Fr. Neuhaus, editor van "First Things" geeft hier een goede samenvatting van het bezoek aan Turkije. Informatief is de lijst van discriminaties jegens christenen vanwege de Turkse overheden:
"In a fine essay in Newsweek, George Weigel notes some of the restrictions placed on Christians in Turkey. The Orthodox Church cannot govern itself. Turkish law decides that the ecumenical patriarch must be a Turkish citizen living in Turkey. A recent memorandum from the patriarchate said, “The result of these restrictions is that in the not so distant future the Ecumenical Patriarchate may not be able to elect a Patriarch.” The Turkish government closed the patriarchate’s only seminary in 1971 and has refused numerous requests to reopen it.
The government refuses to grant the patriarchate legal “personality,” in defiance of the Lausanne Treaty of 1923, which defined the legal position of minorities in Turkey. Refusing to recognize the patriarchate as a legal entity means that it exists at the sufferance of the government and is subject to the waxing and waning of political whims and passions. In Turkey, popular passions about “Christian” and “Greek” influence are frequently paranoid in character and intensity.
The government refuses to give work permits to non-Turkish citizens who want to work at the patriarchate. So the handful of non-Turks at the Phanar, as the site of the patriarchate is called, have to leave the country every three months to renew their tourist visas. Moreover, the patriarchate is not allowed to own property. It owns none of the churches, schools, or monasteries under its jurisdiction, and the state has recently seized the thirty-six cemeteries where are buried the generations of the Orthodoxy that once was. The state decides who can teach in schools that serve the Orthodox, as well as which books may be allowed in school libraries.

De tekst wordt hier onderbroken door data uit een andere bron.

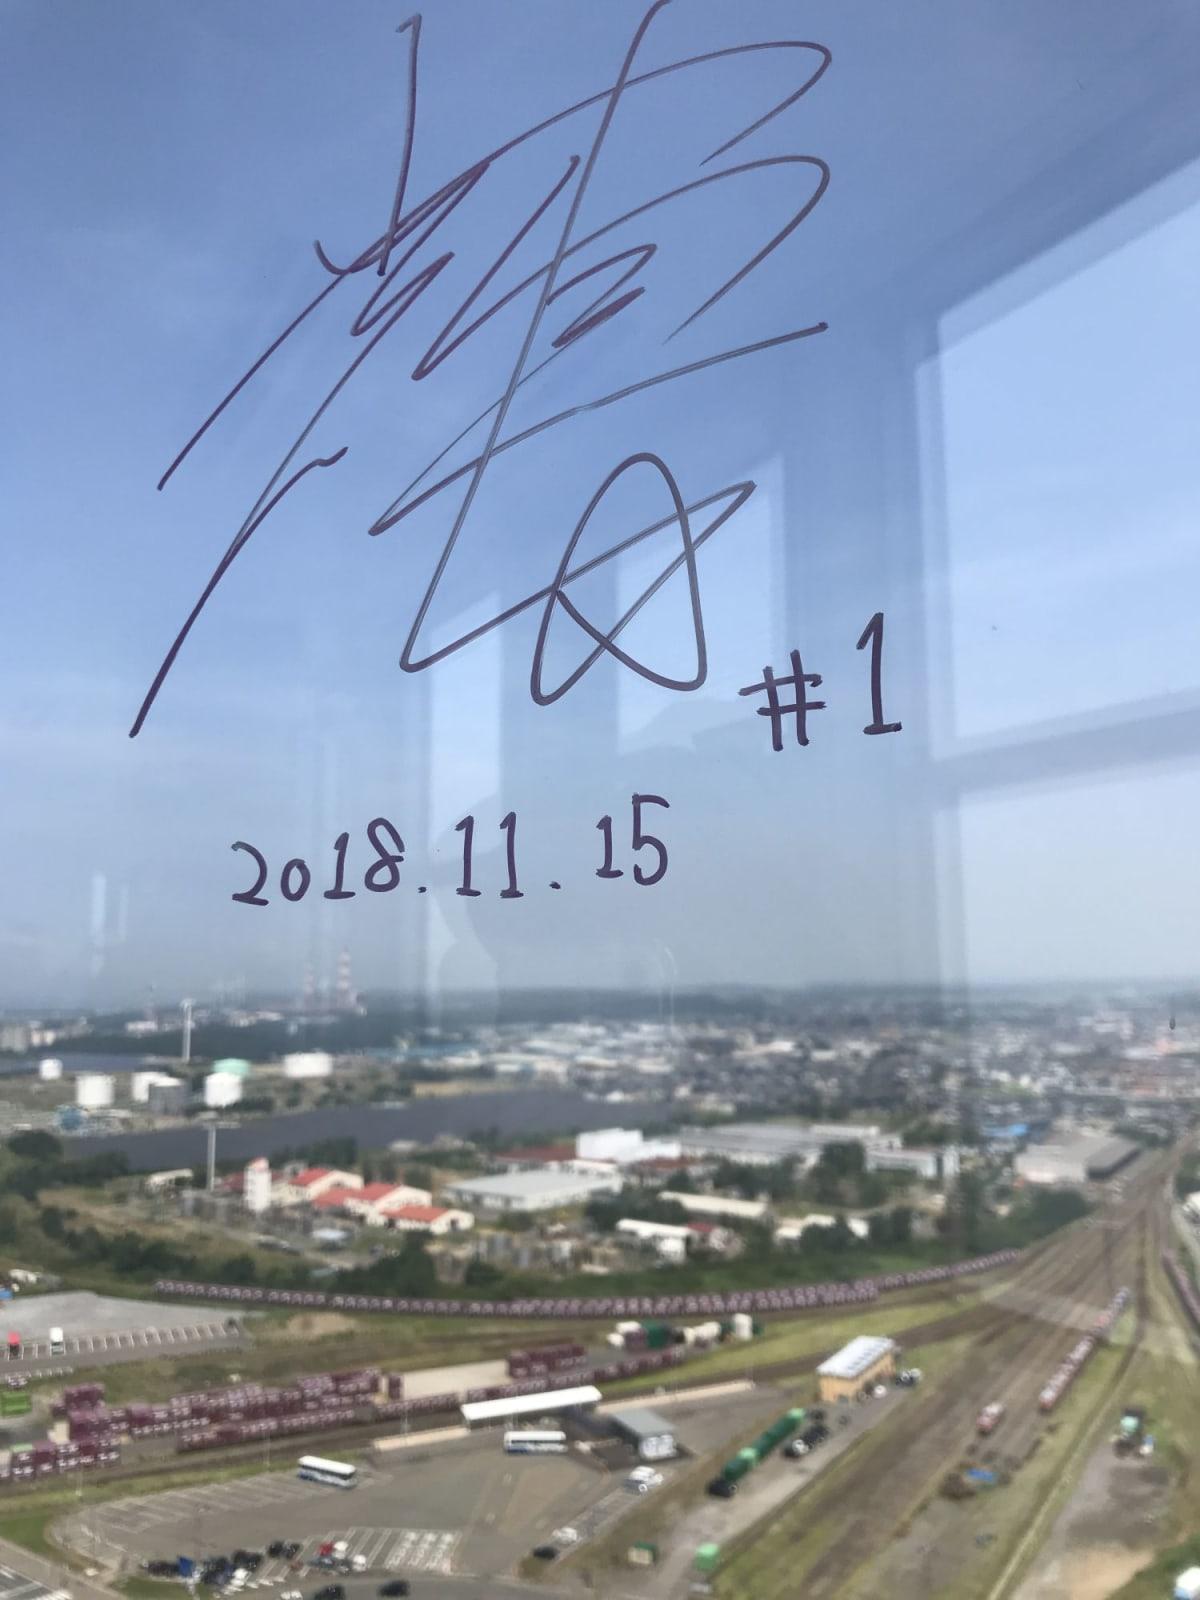 吉田輝星君のサイン。セリオンタワー3階です。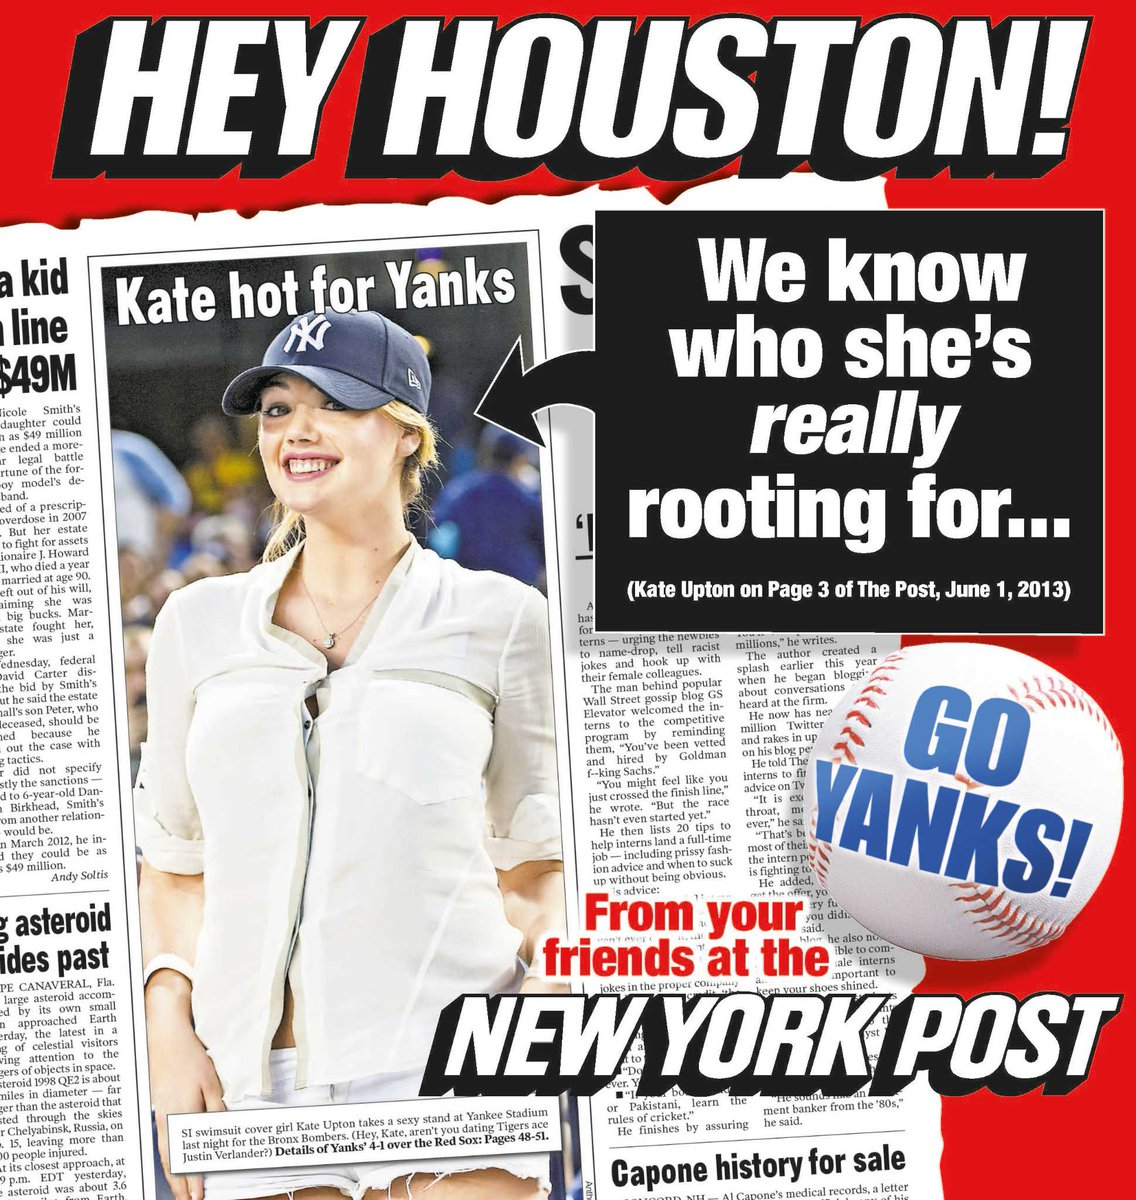 New York Post pokes fun at Houston with Kate Upton ad

Writing on the eve of the pope’s visit, Weigel said: “No Christian community in the West would tolerate such conditions, which involve violations of basic human rights. If Turkey is to be the model of a modern Islamic society, it must remove restrictions on the exercise of some of the most fundamental aspects of religious freedom: the freedom of religious communities to educate their people, perform works of charity and choose their leaders according to their own theological self-understanding. Might Benedict XVI’s pilgrimage to Turkey focus the world’s attention on the stranglehold the Turkish state attempts to exercise on Ecumenical Patriarch Bartholomew and his people, such that that stranglehold begins to ease? If the 79-year-old pontiff managed that, Christian unity and the dialogue between the West and Islam would both be advanced.”